Without the pictures, write the listing out again exactly as it appears.

Dataset content:
▬▬▬▬▬▬

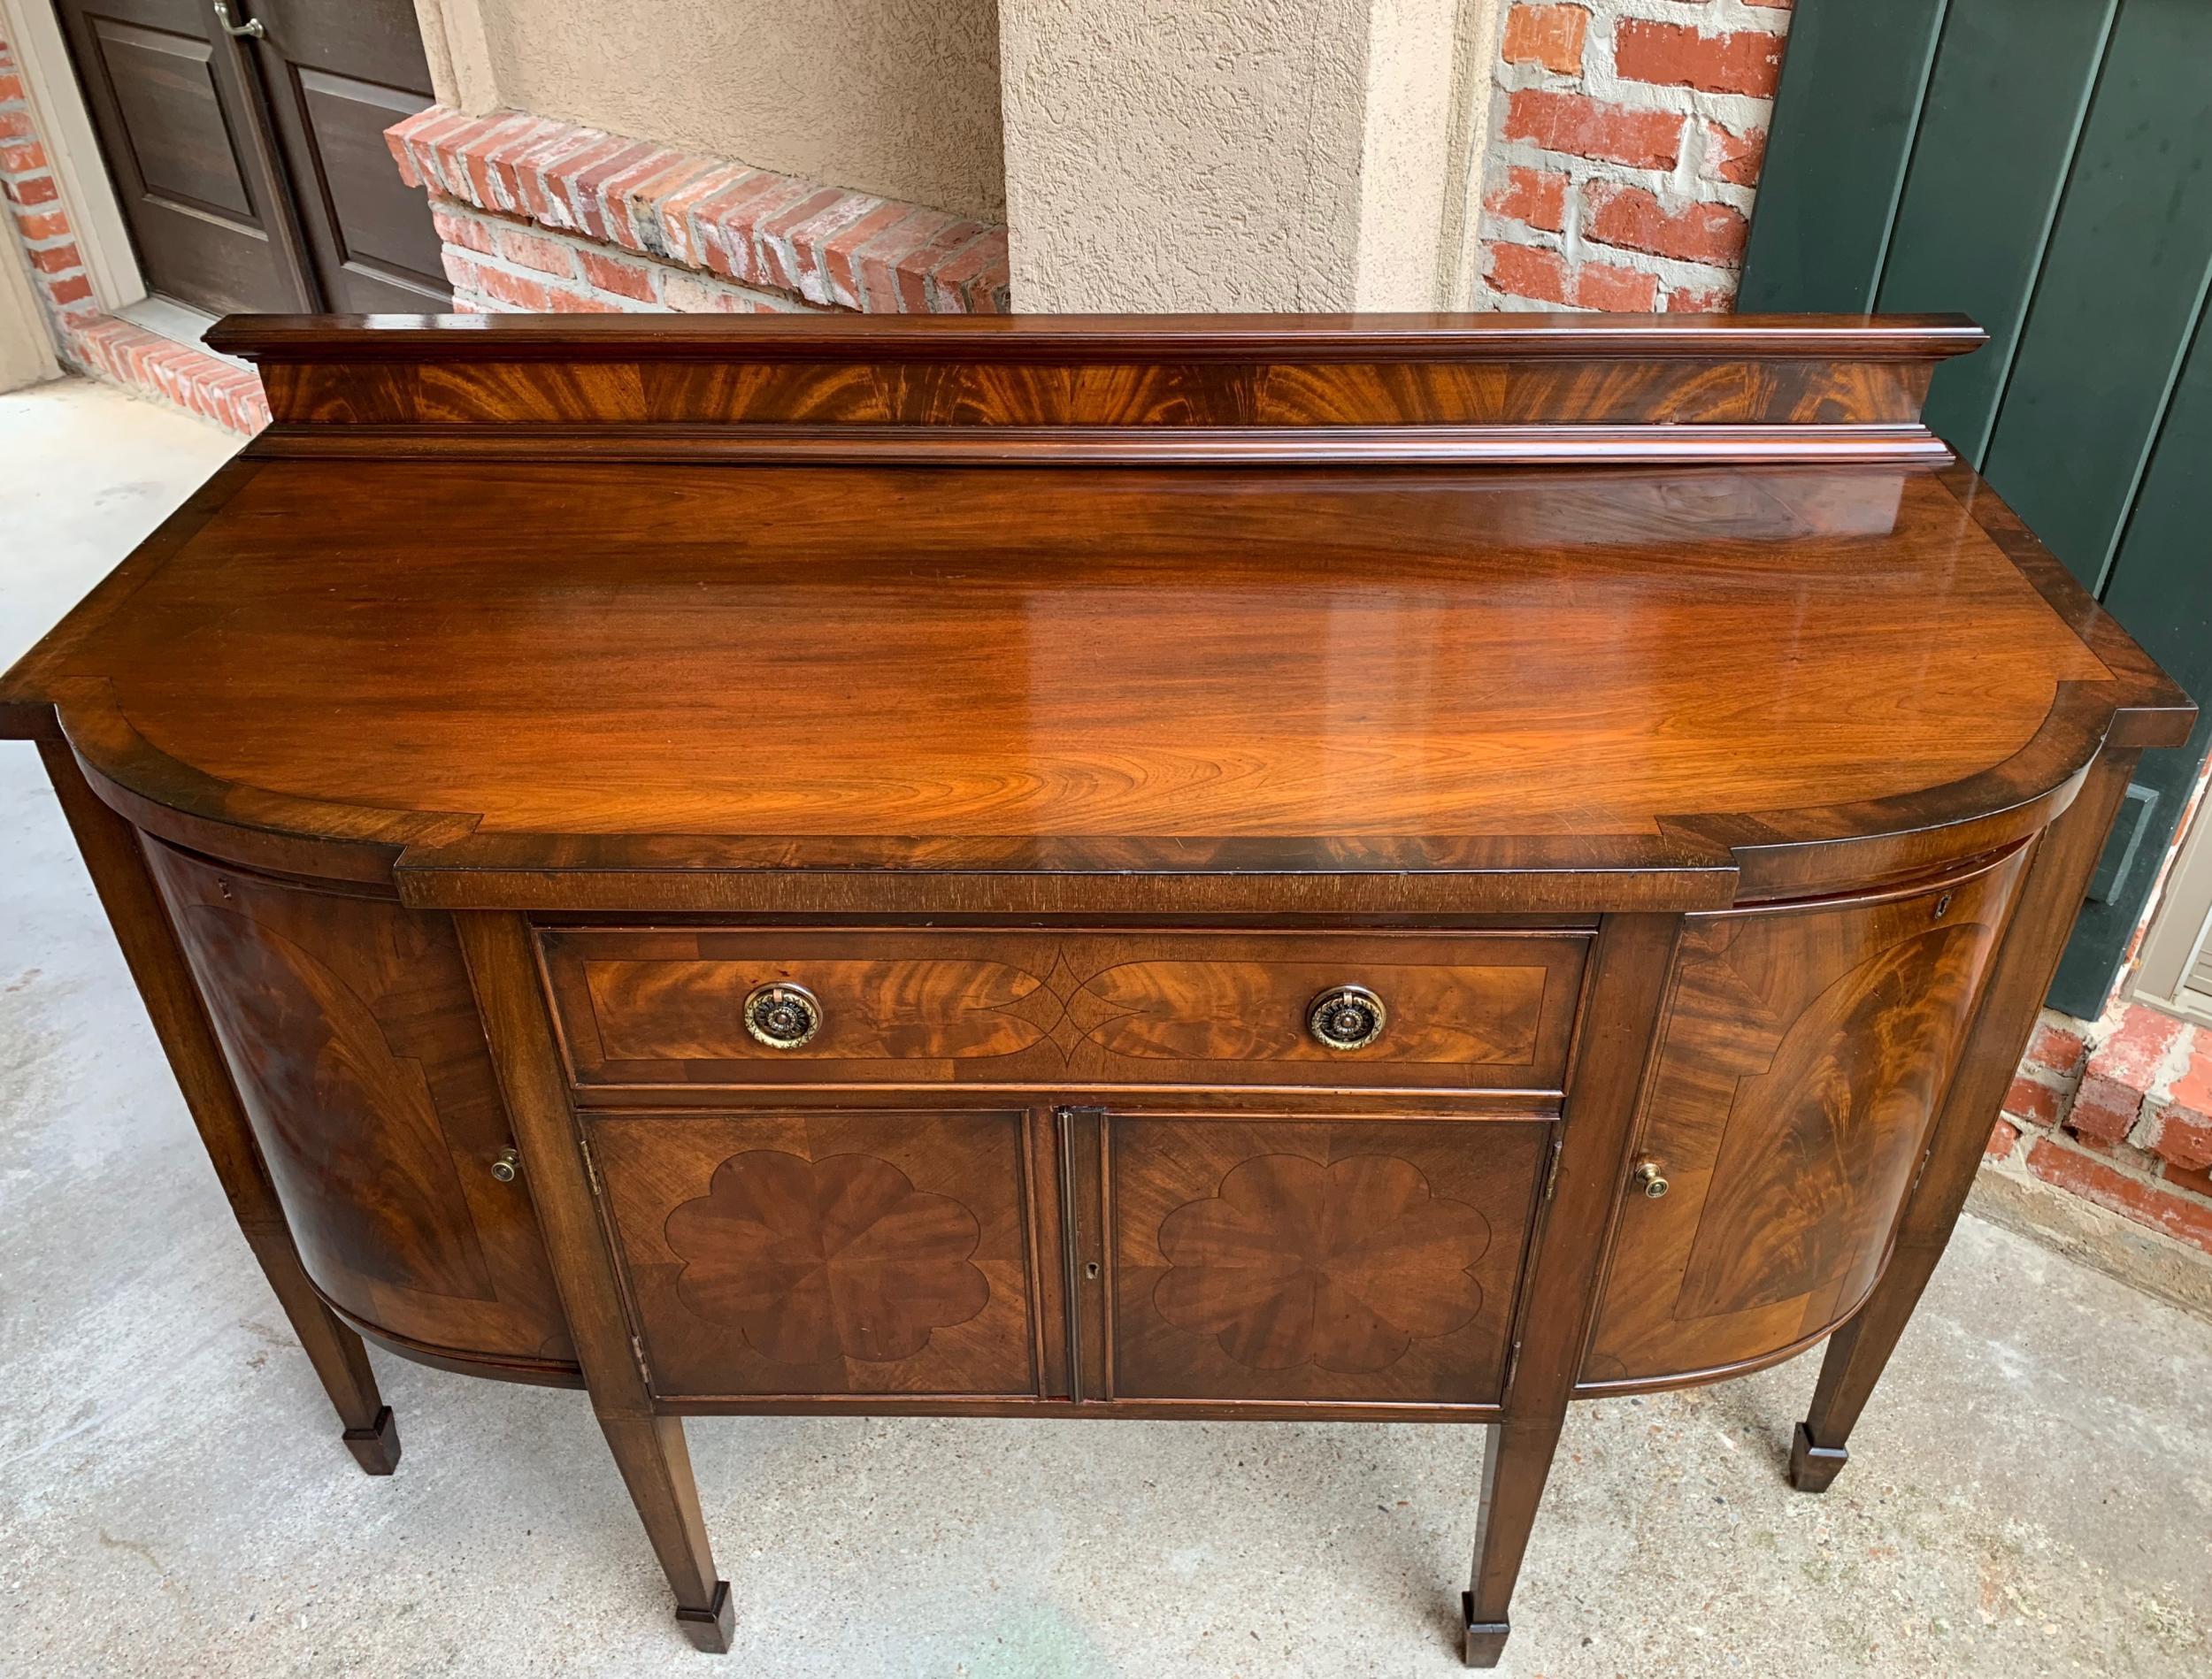 19th century inlaid flame mahogany sideboard buffet Hepplewhite Sheraton style

~From an antique dealer’s personal collection, this lovely antique Hepplewhite style mahogany sideboard~
~Block fronted with bow sides, having gorgeous inlaid and
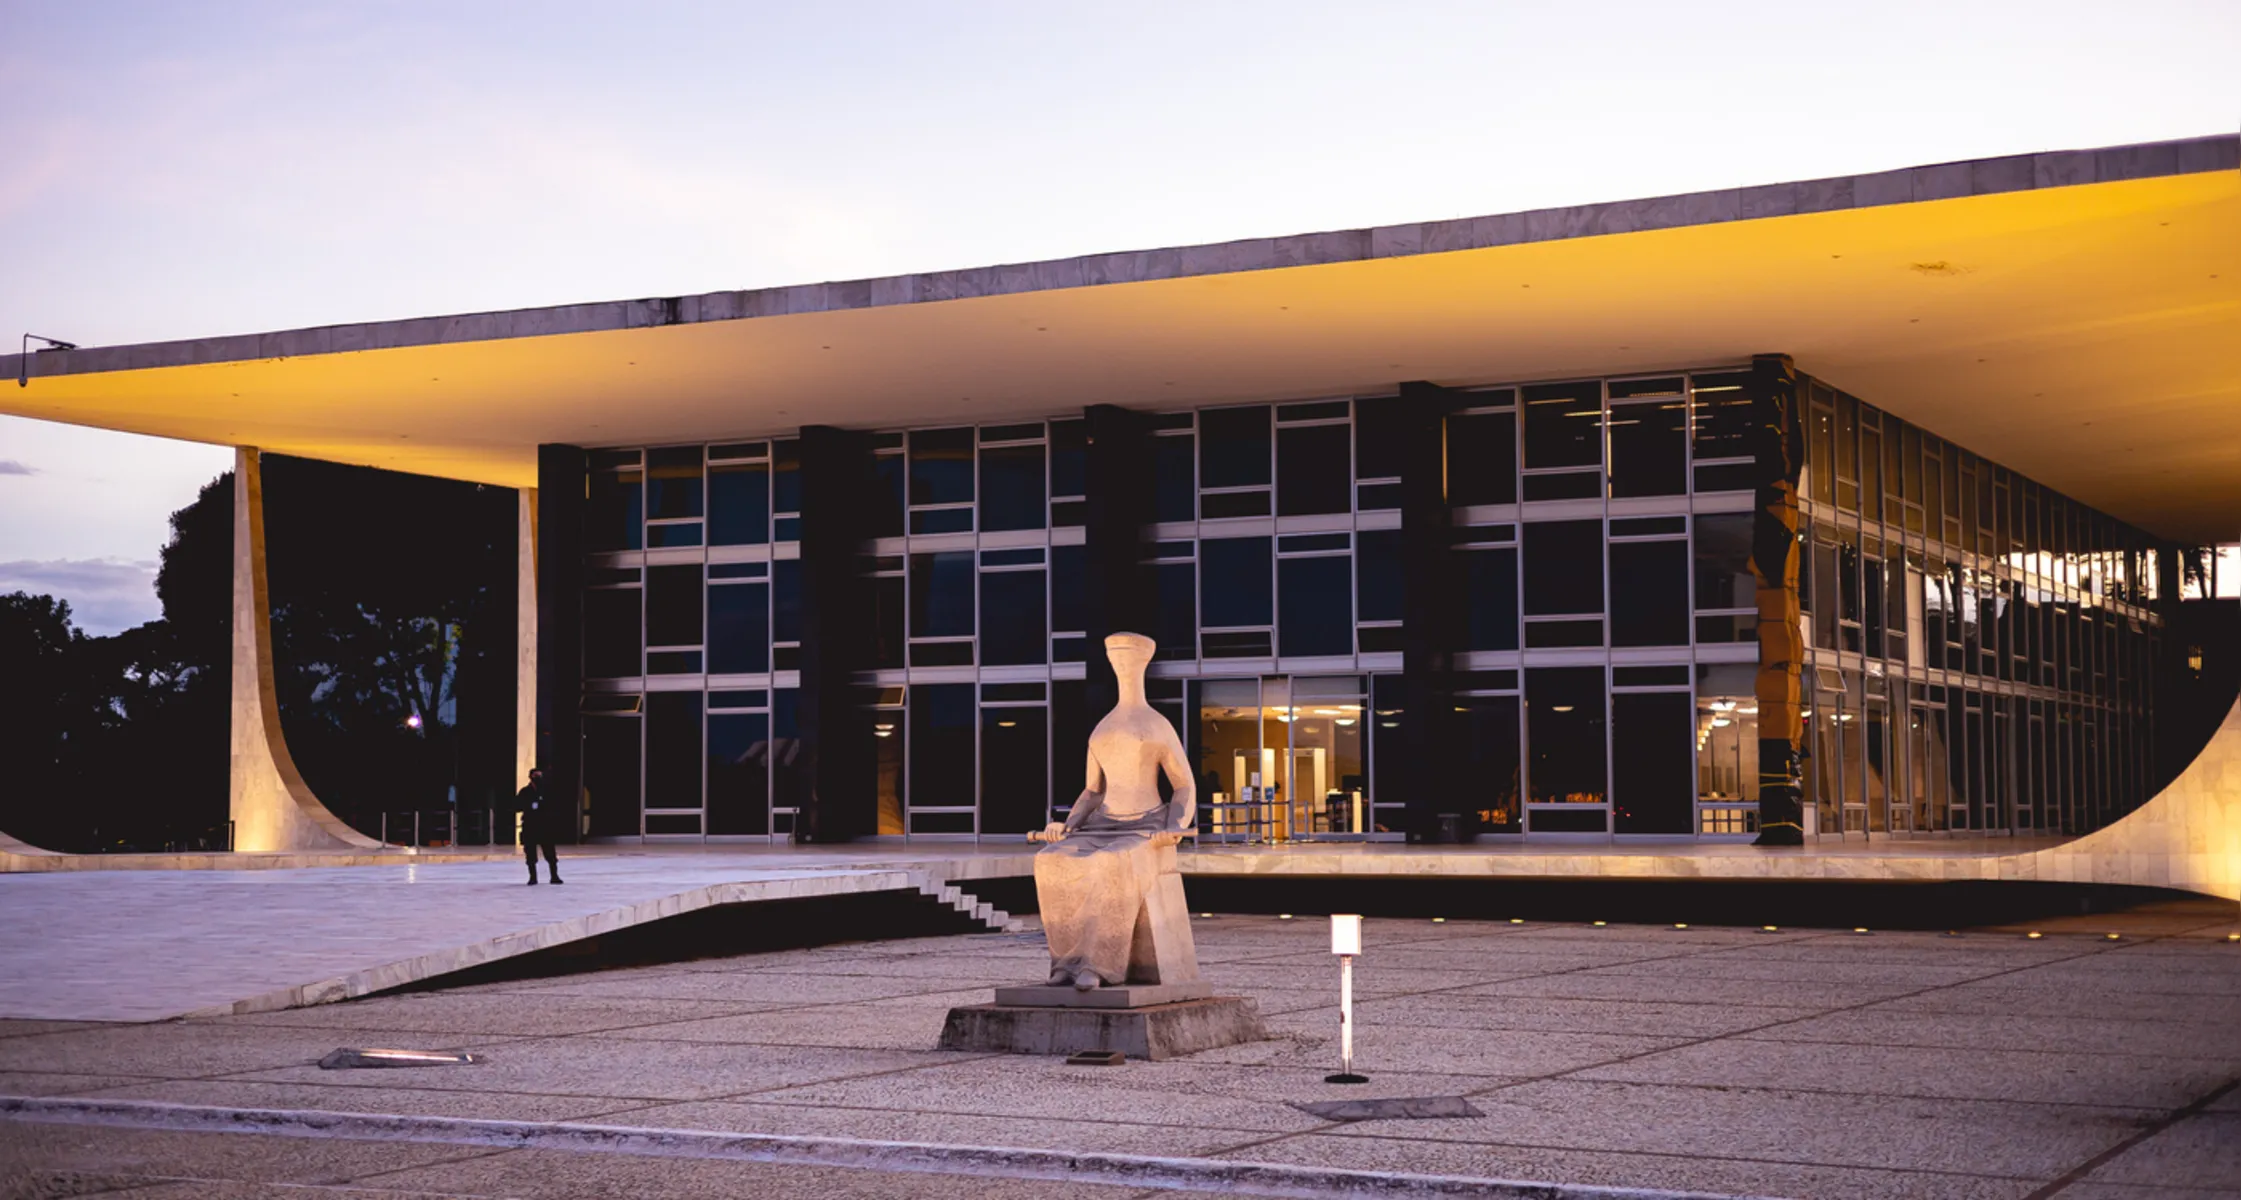 Photograph of the Federal Supreme Court ( STF - Supremo Tribunal Federal )  in Brasilia, federal capital of Brazil. The STF was designed by Oscar Niemeyer and a sculpture of justice by the artist Alfredo Ceschiatti. Brasilia, Federal District - Brazil. December, 04, 2021.

▬▬▬▬▬▬

Response area:
 19th century inlaid flame mahogany sideboard buffet Hepplewhite Sheraton style

~From an antique dealer’s personal collection, this lovely antique Hepplewhite style mahogany sideboard~
~Block fronted with bow sides, having gorgeous inlaid and
 Photograph of the Federal Supreme Court ( STF - Supremo Tribunal Federal )  in Brasilia, federal capital of Brazil. The STF was designed by Oscar Niemeyer and a sculpture of justice by the artist Alfredo Ceschiatti. Brasilia, Federal District - Brazil. December, 04, 2021.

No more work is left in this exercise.